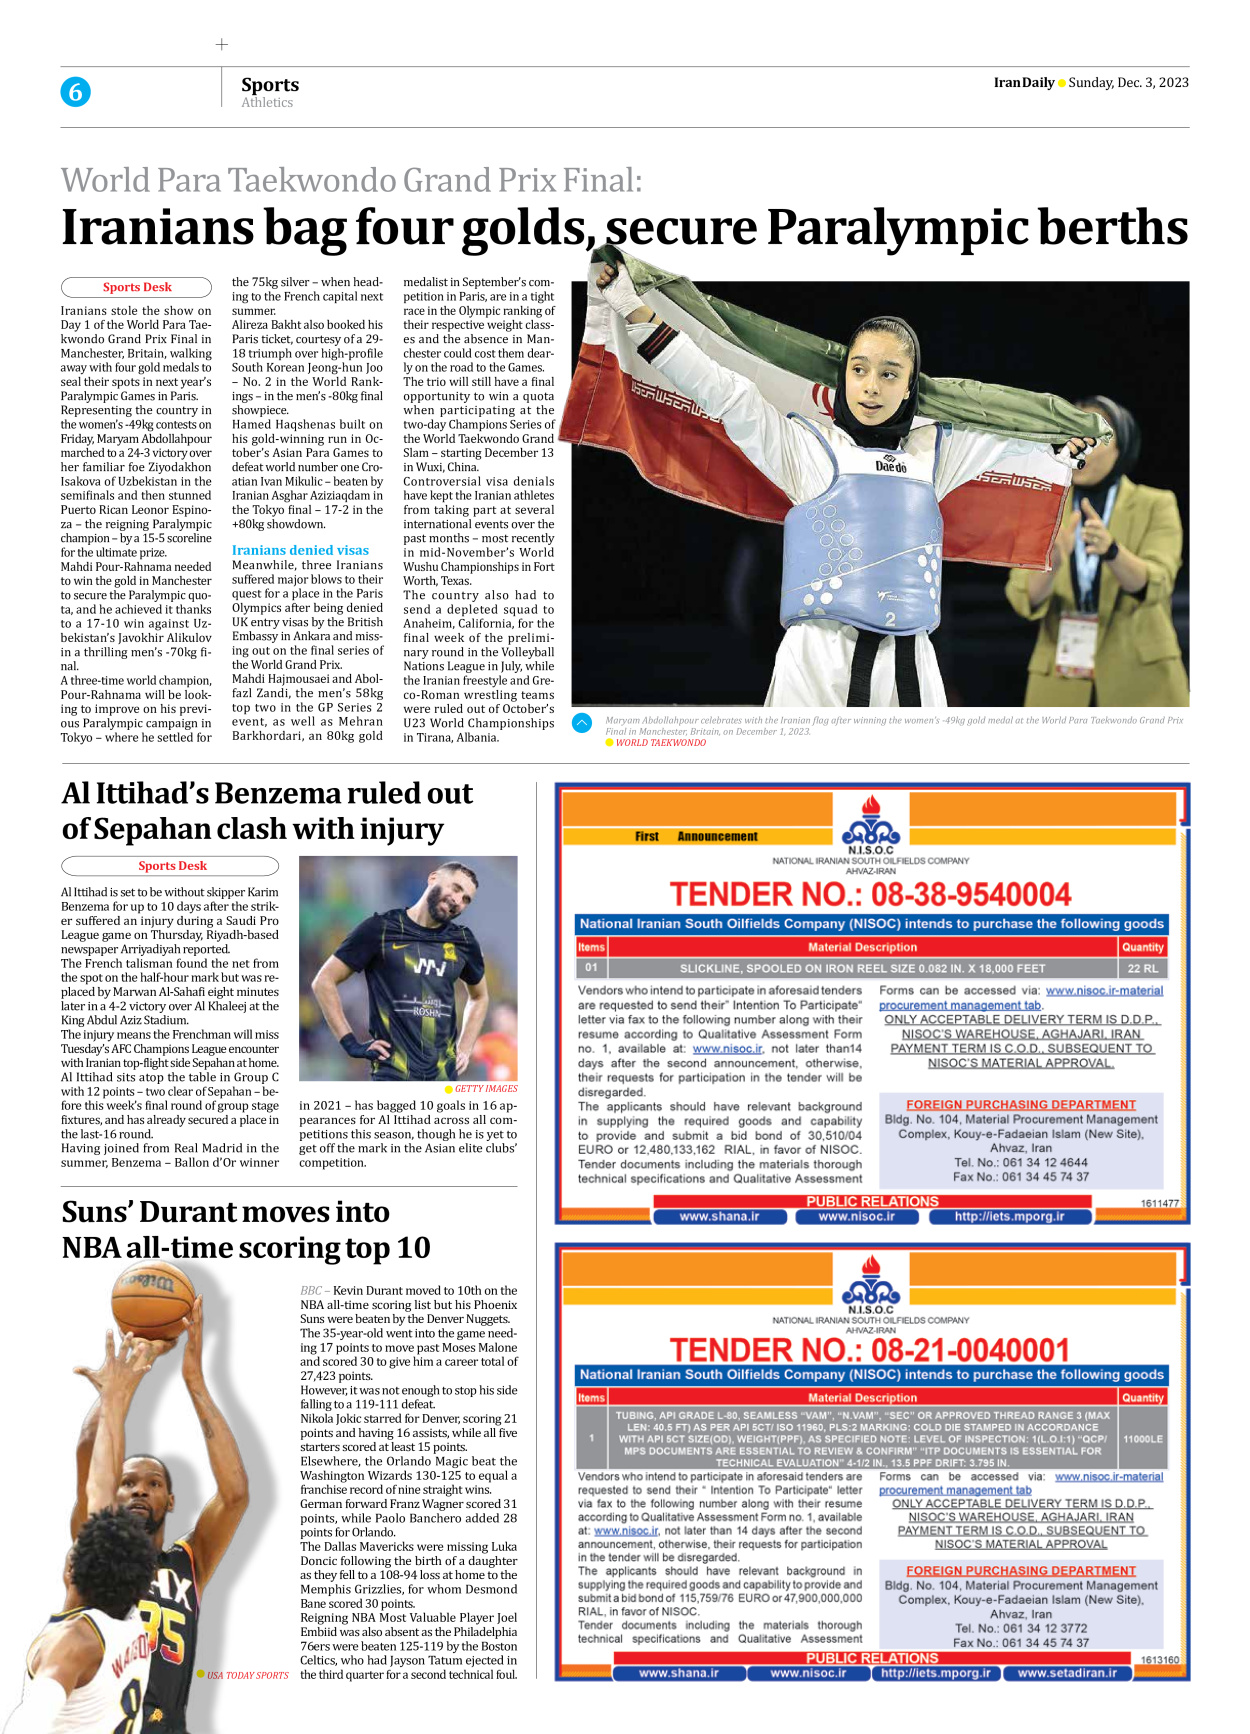 Iran Daily - Number Seven Thousand Four Hundred and Fifty - 03 December 2023 - Page 6
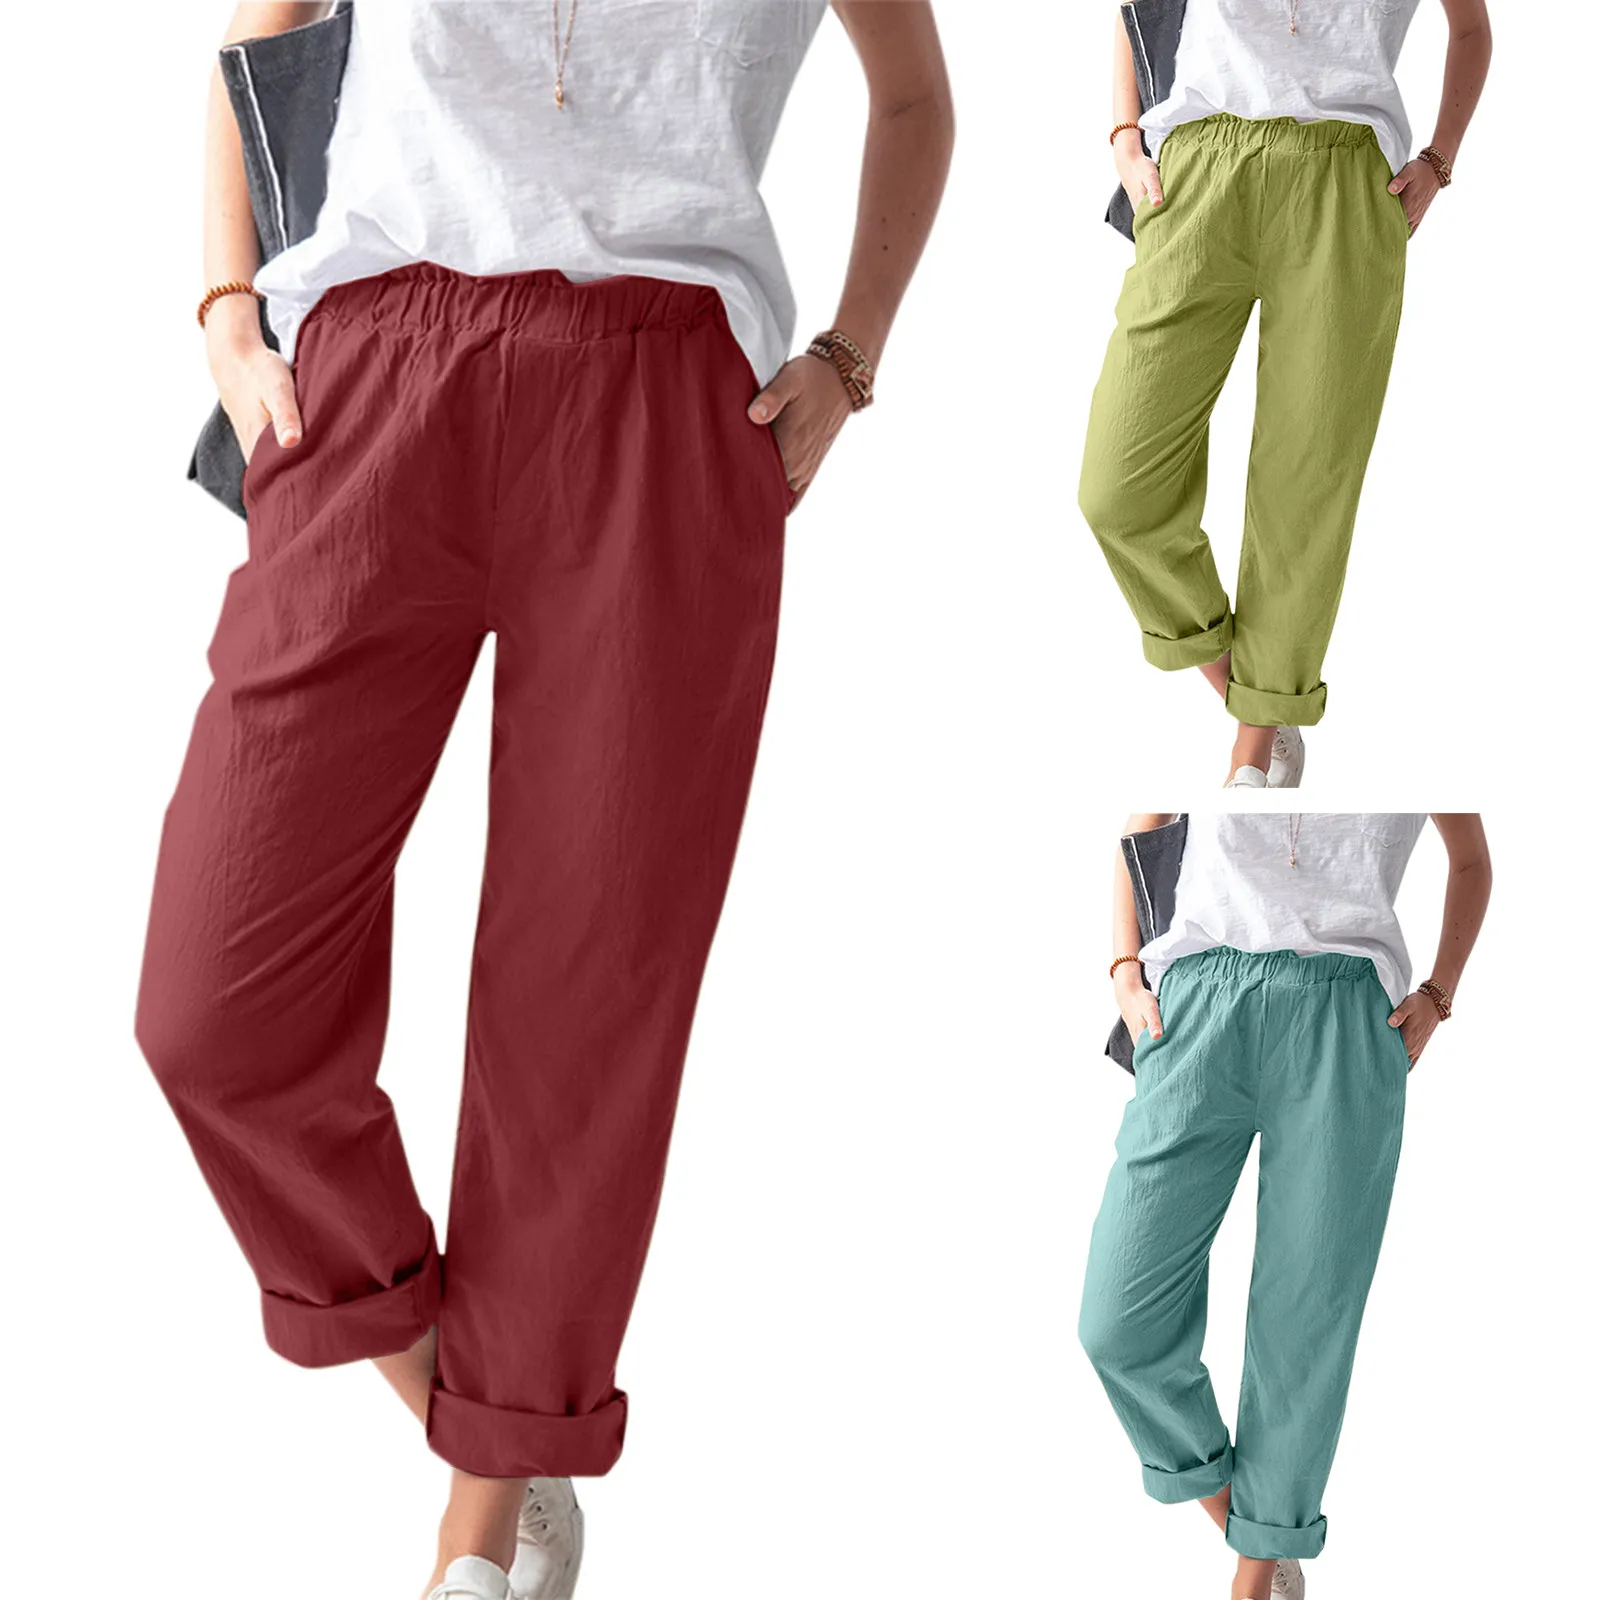 Womens Clothing Trousers Pianurastudio Cotton Pants in Red Slacks and Chinos Capri and cropped trousers 
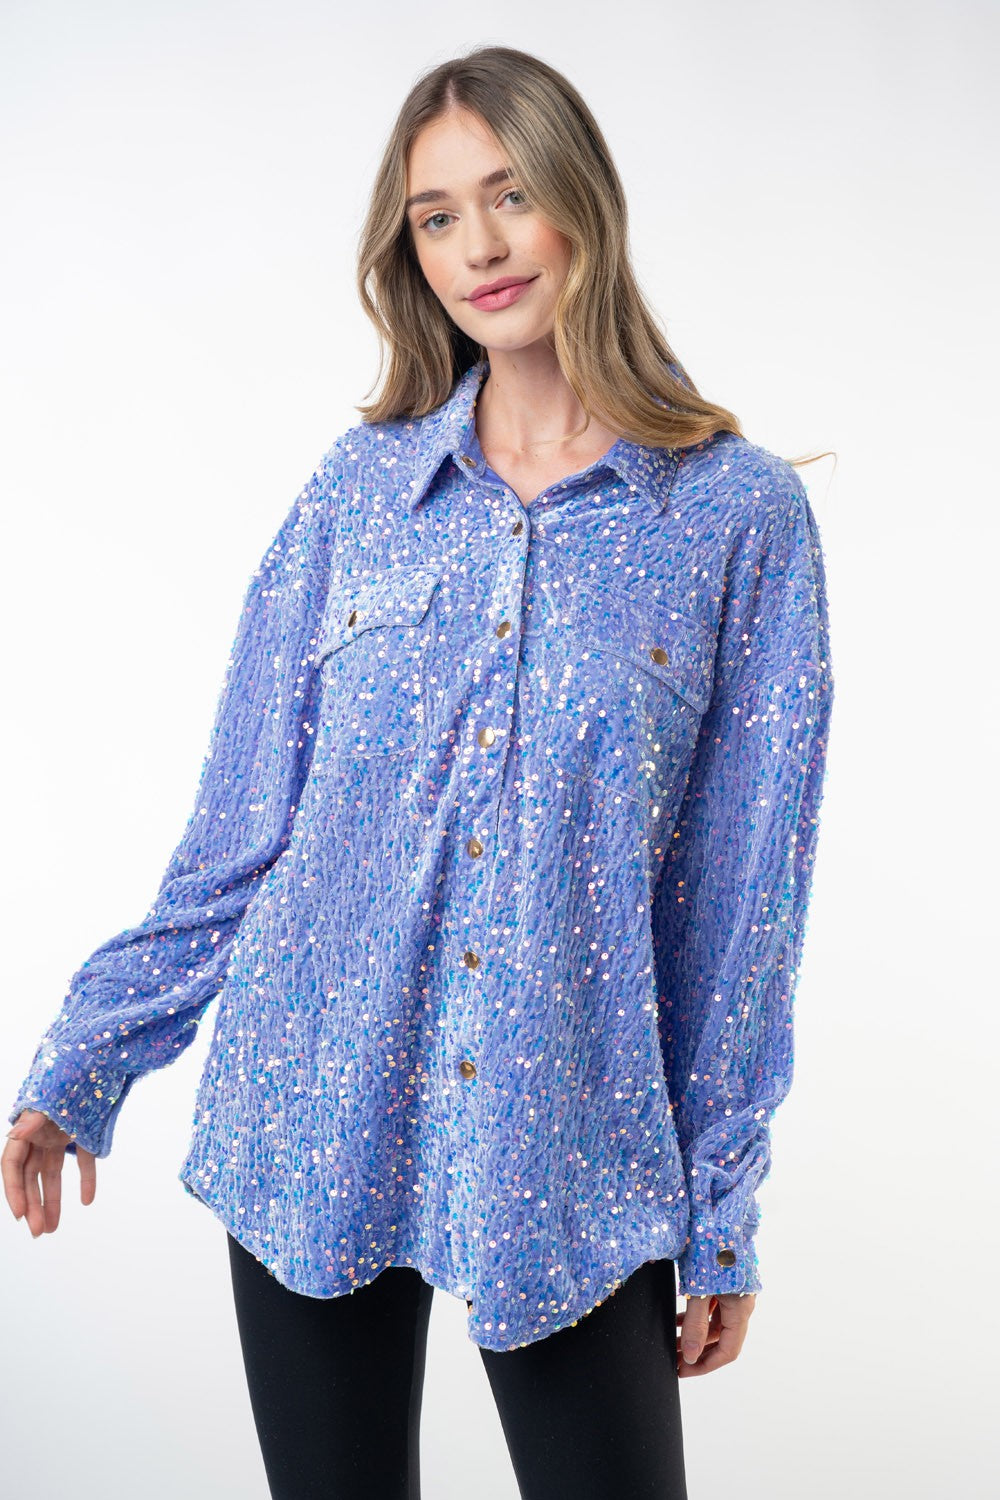 Periwinkle Long Sleeve Sequin Knit Top

* * *

ASSIGNMENT> Word for word, restate the material above; do not carry over the pictures.

TASK ANSWER>
 Iran Daily - Number Seven Thousand Four Hundred and Fifty - 03 December 2023 - Page 6
 Womens Clothing Trousers Pianurastudio Cotton Pants in Red Slacks and Chinos Capri and cropped trousers 
 Periwinkle Long Sleeve Sequin Knit Top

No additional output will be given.